A opinião, a doxa em grego, nada mais é do que o conhecimento sem verificação ou comprovação, baseada em sentidos, costumes etc. A opinião não ultrapassa o senso comum e não tem a intenção de fazê-lo. Dito de outro modo, a opinião é qualquer conhecimento ou crença que não apresenta qualquer garantia de sua validade. Portanto, para que haja algum tipo de validação para uma opinião ela deve se transformar em outra coisa, ultrapassando o status de mera opinião. Mas quantos que se orgulham de ter uma opinião formada ou os chamados formadores de opinião (aqueles cujas opiniões são reproduzidas por outras pessoas) estão dispostos a fazer isso?

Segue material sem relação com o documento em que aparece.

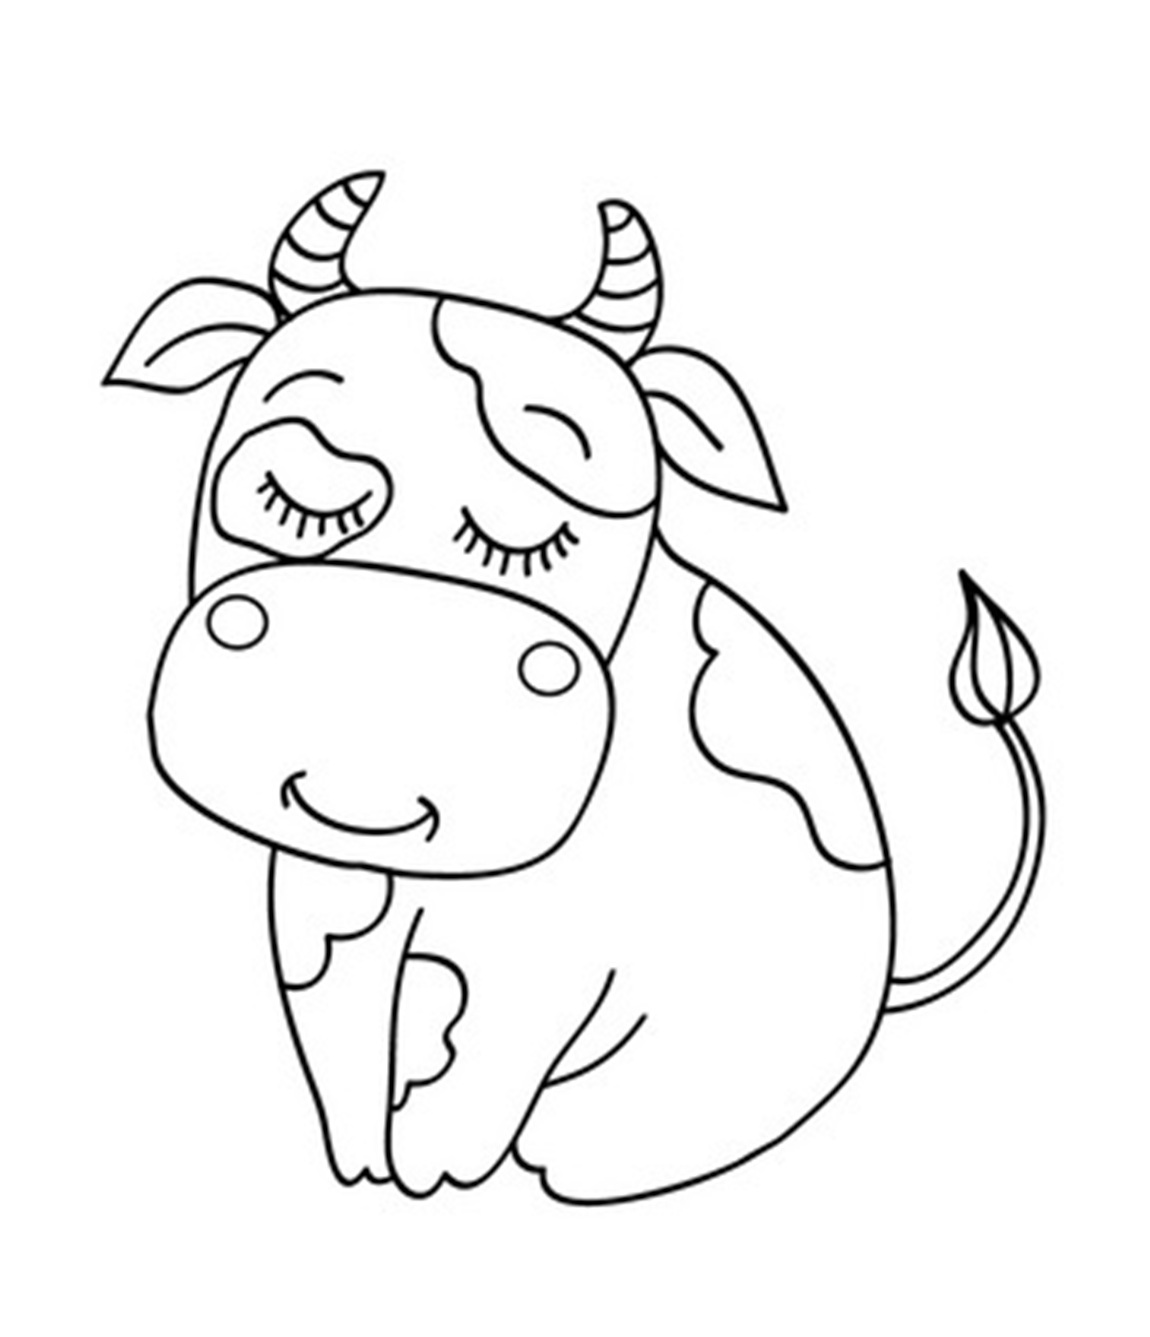 Cow S Cutie Animaldc7e Coloring Page

Não basta simplesmente declarar a opinião, é preciso que esta opinião seja demonstrada racionalmente. A partir da exigência da demonstração e comprovação da opinião ela pode tornar-se outra coisa. Podemos tentar meramente convencer alguém de que nossa opinião é correta. E o fato de convencermos alguém disso não implica que nossa opinião seja válida. Ou que tenha ultrapassado o status de doxa. Apenas de que utilizamos os recursos adequados. A arte do convencimento é a arte da retórica. Portanto, é possível que sejamos induzidos ao erro quando alguém, utilizando recursos retóricos, nos convence de que sua opinião é correta, o que não implica no fato de sê-la.
A retórica é perigosa justamente porque pode ser utilizada para nos convencer de que algo errado é correto, mas também não adianta muito saber a verdade sobre algo e ser incapaz de convencer os outros disso.
Para isso é possível utilizar-se também da argumentação lógica. O objetivo deixa de ser meramente convencer o outro, mas certificar-se de que algo é correto e, portanto, verdadeiro. Essa é a diferença da retórica para a filosofia ou mesmo para a ciência. A retórica visa convencer alguém da veracidade de algo (sem que esse algo seja de fato verdadeiro), a filosofia busca a Verdade e a ciência poderá prover os meios para comprová-la.
No mundo das redes sociais a veracidade e validade de algo é medida pela quantidade de “curtidas” e “compartilhamentos”. Nesse ponto a entrevista dada por Albuquerque sobre sua decisão de que sua arte não se tornasse de fato capa da revista da Batgirl ao UOL foi certeira:
“Acho que, independentemente de sua posição sobre a capa, feminismo ou liberdade de expressão, é importante aprender a ouvir. Ter empatia por quem tem uma opinião diferente da sua. Se colocar no lugar do outro e considerar. Discussões na internet tendem a virar birras infantis, de um lado ou de outro. Isso é o que faz as pessoas perderem o interesse nas coisas. Acho que críticas são sempre bem-vindas. Mas respeito por quem faz, por quem publica e por quem discorda é sempre o que valida sua crítica. A liberdade de expressão não pode se resumir apenas ao que você gosta ou quer. Liberdade tem que vir com responsabilidade”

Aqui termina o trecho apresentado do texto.